Examples of the use of electromigration techniques for the determination of moisturizing substances of a hydrophobic nature are the tests described in the works [62,63] presenting the possibilities of capillary electrophoresis for the analysis of fatty acids: palmitic, stearic, oleic, linoleic.

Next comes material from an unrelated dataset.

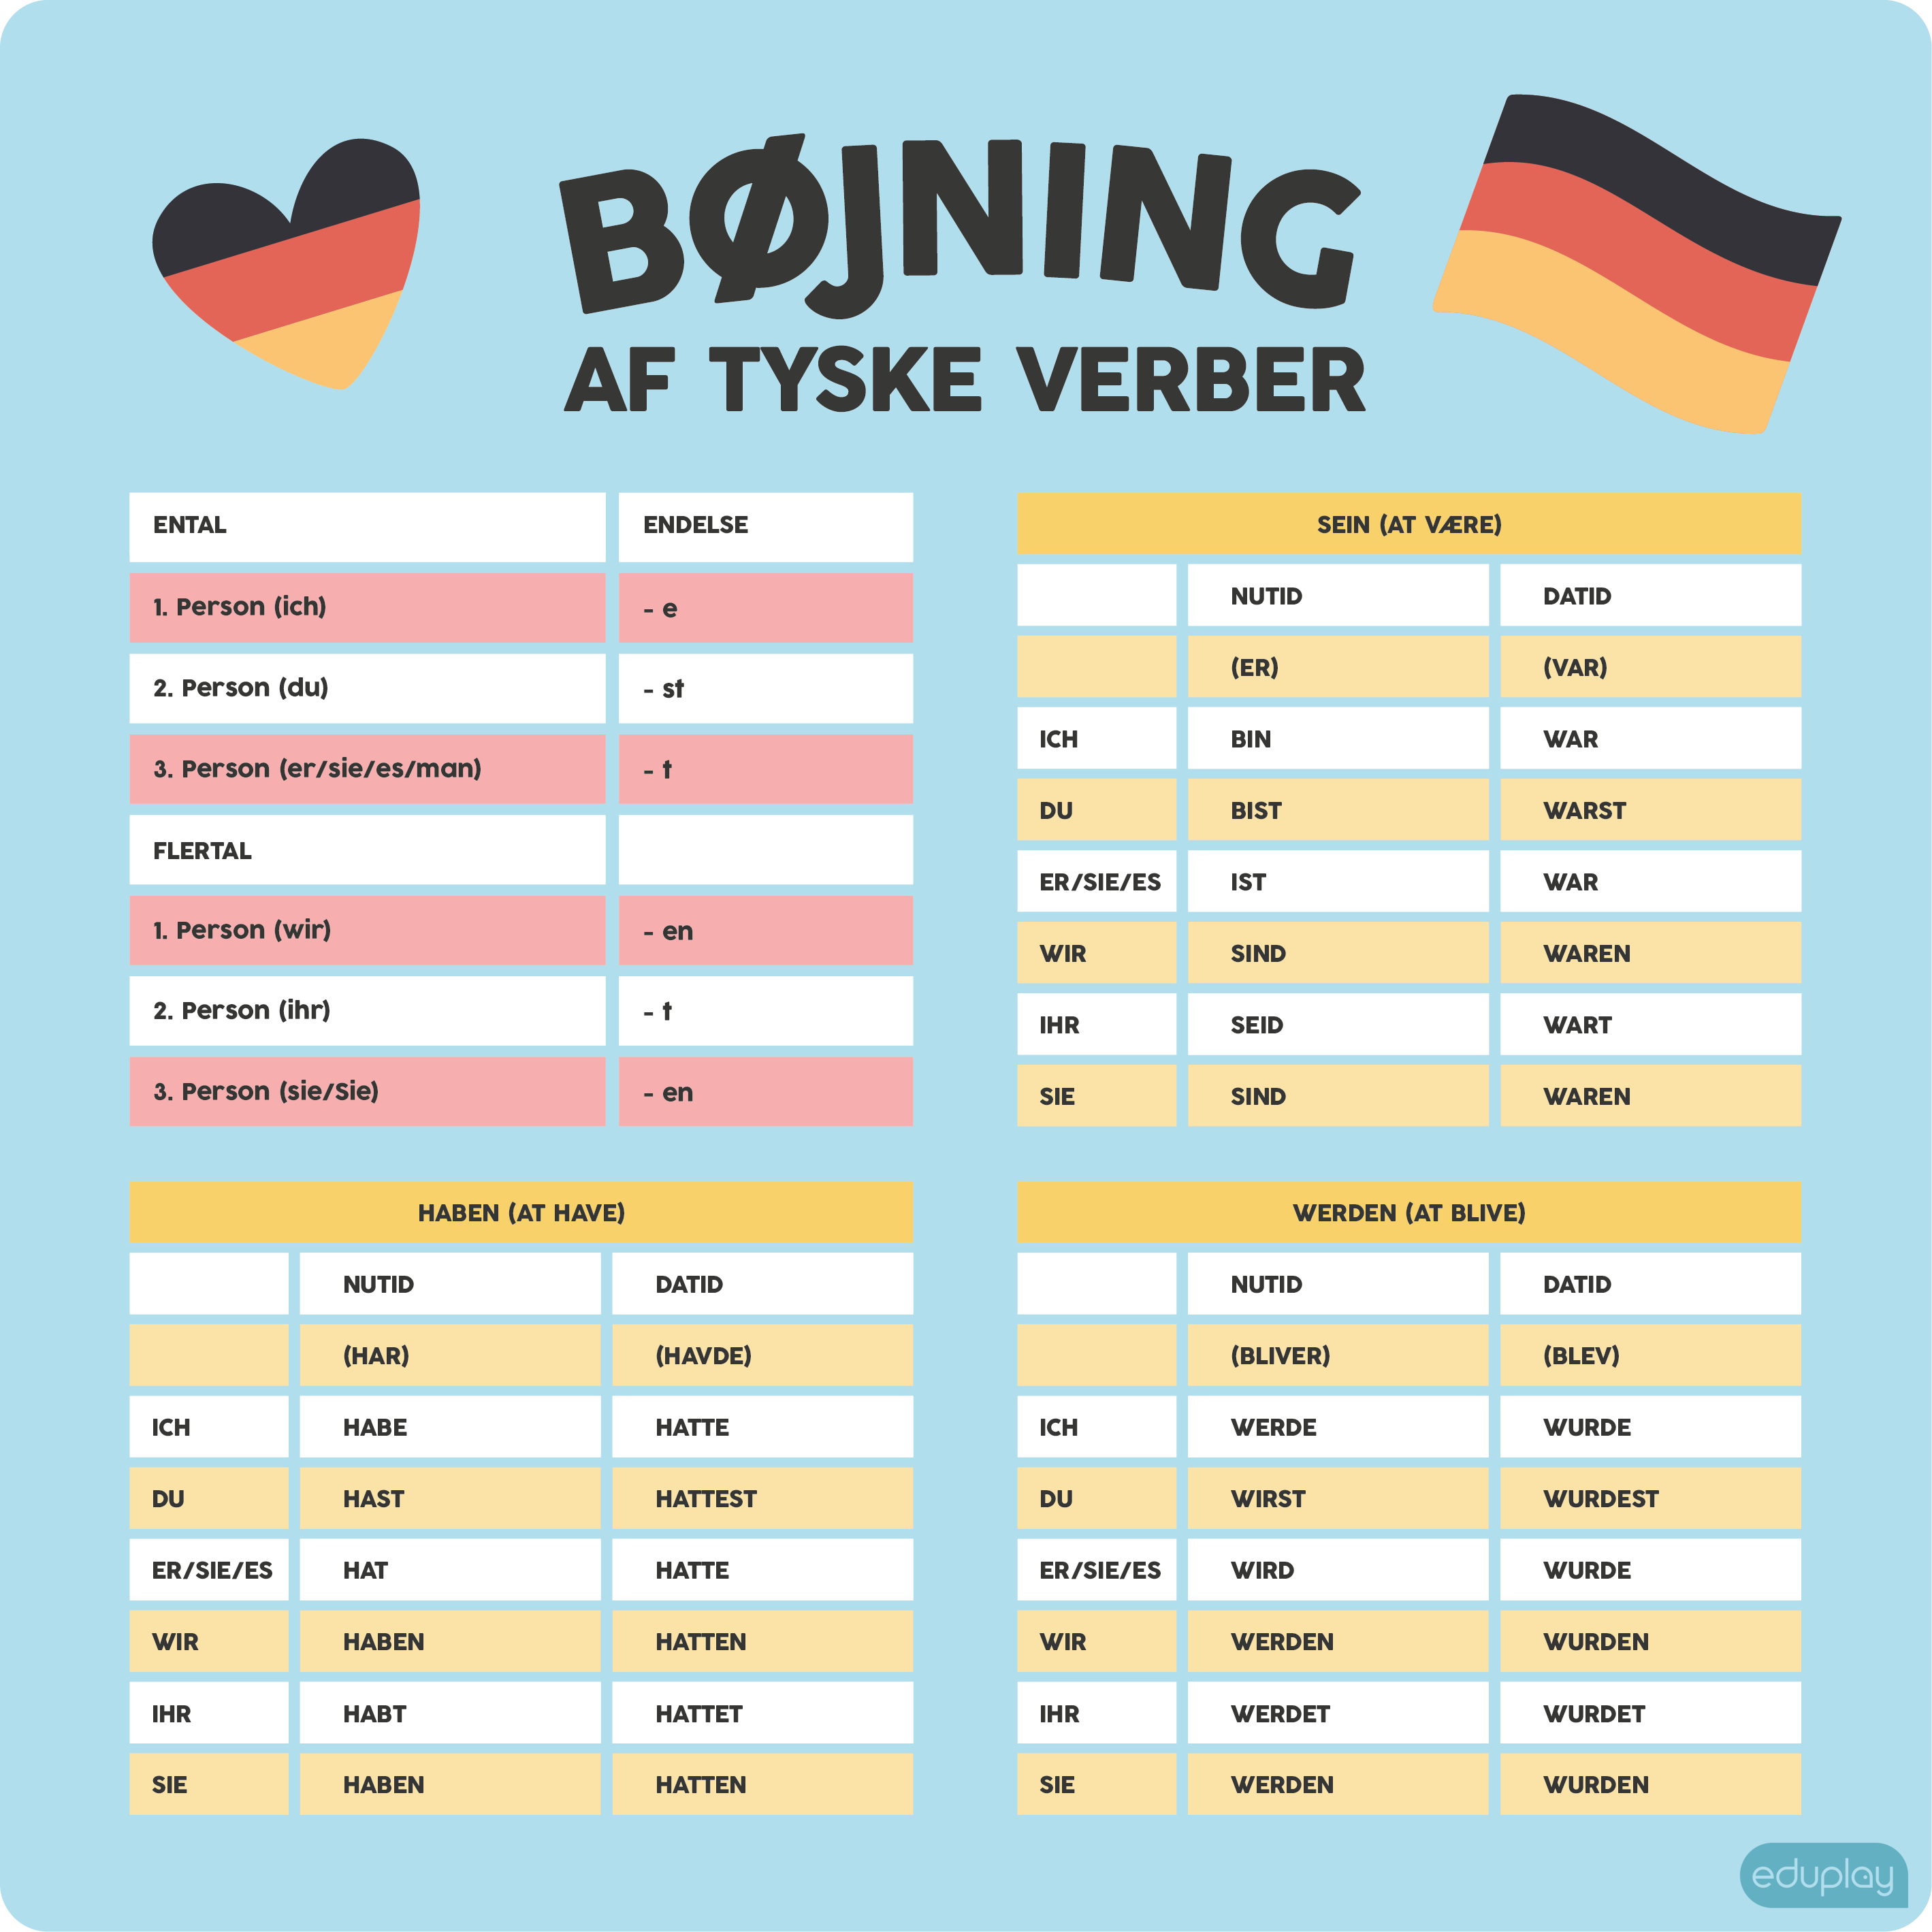 Bjning af tyske verber

Considering the fact that the fatty acids used in cosmetics come mainly from vegetable oils, the analysis of their composition should be the first step in the preliminary assessment of the quality of such raw material and its suitability for the production of a cosmetic [62]. The methodology for detecting and separating enantiomers of panthenol (L-panthenol and dexpanthenol) using cyclodextrin electrokinetic chromatography (CD-EKC) was developed by Jiménez et al. [64]. Under optimal analytical conditions—25 mM (2-carboxyethyl)-β-CD (CE-β-CD) in 100 mM borate buffer (pH 9.0), a voltage of 30 kV, and a temperature of 30 °C—the analytes were separated within 4.2 minutes, achieving a resolution of 2.0, with LOQs of 1 mg/L and 4 mg/L for the L- and Dex-enantiomers, respectively. This demonstrates that the developed method meets the requirements of the International Council for Harmonization of Technical Requirements for Pharmaceuticals for Human Use (ICH) for detecting contaminating L-panthenol (0.1% relative to the predominant enantiomer).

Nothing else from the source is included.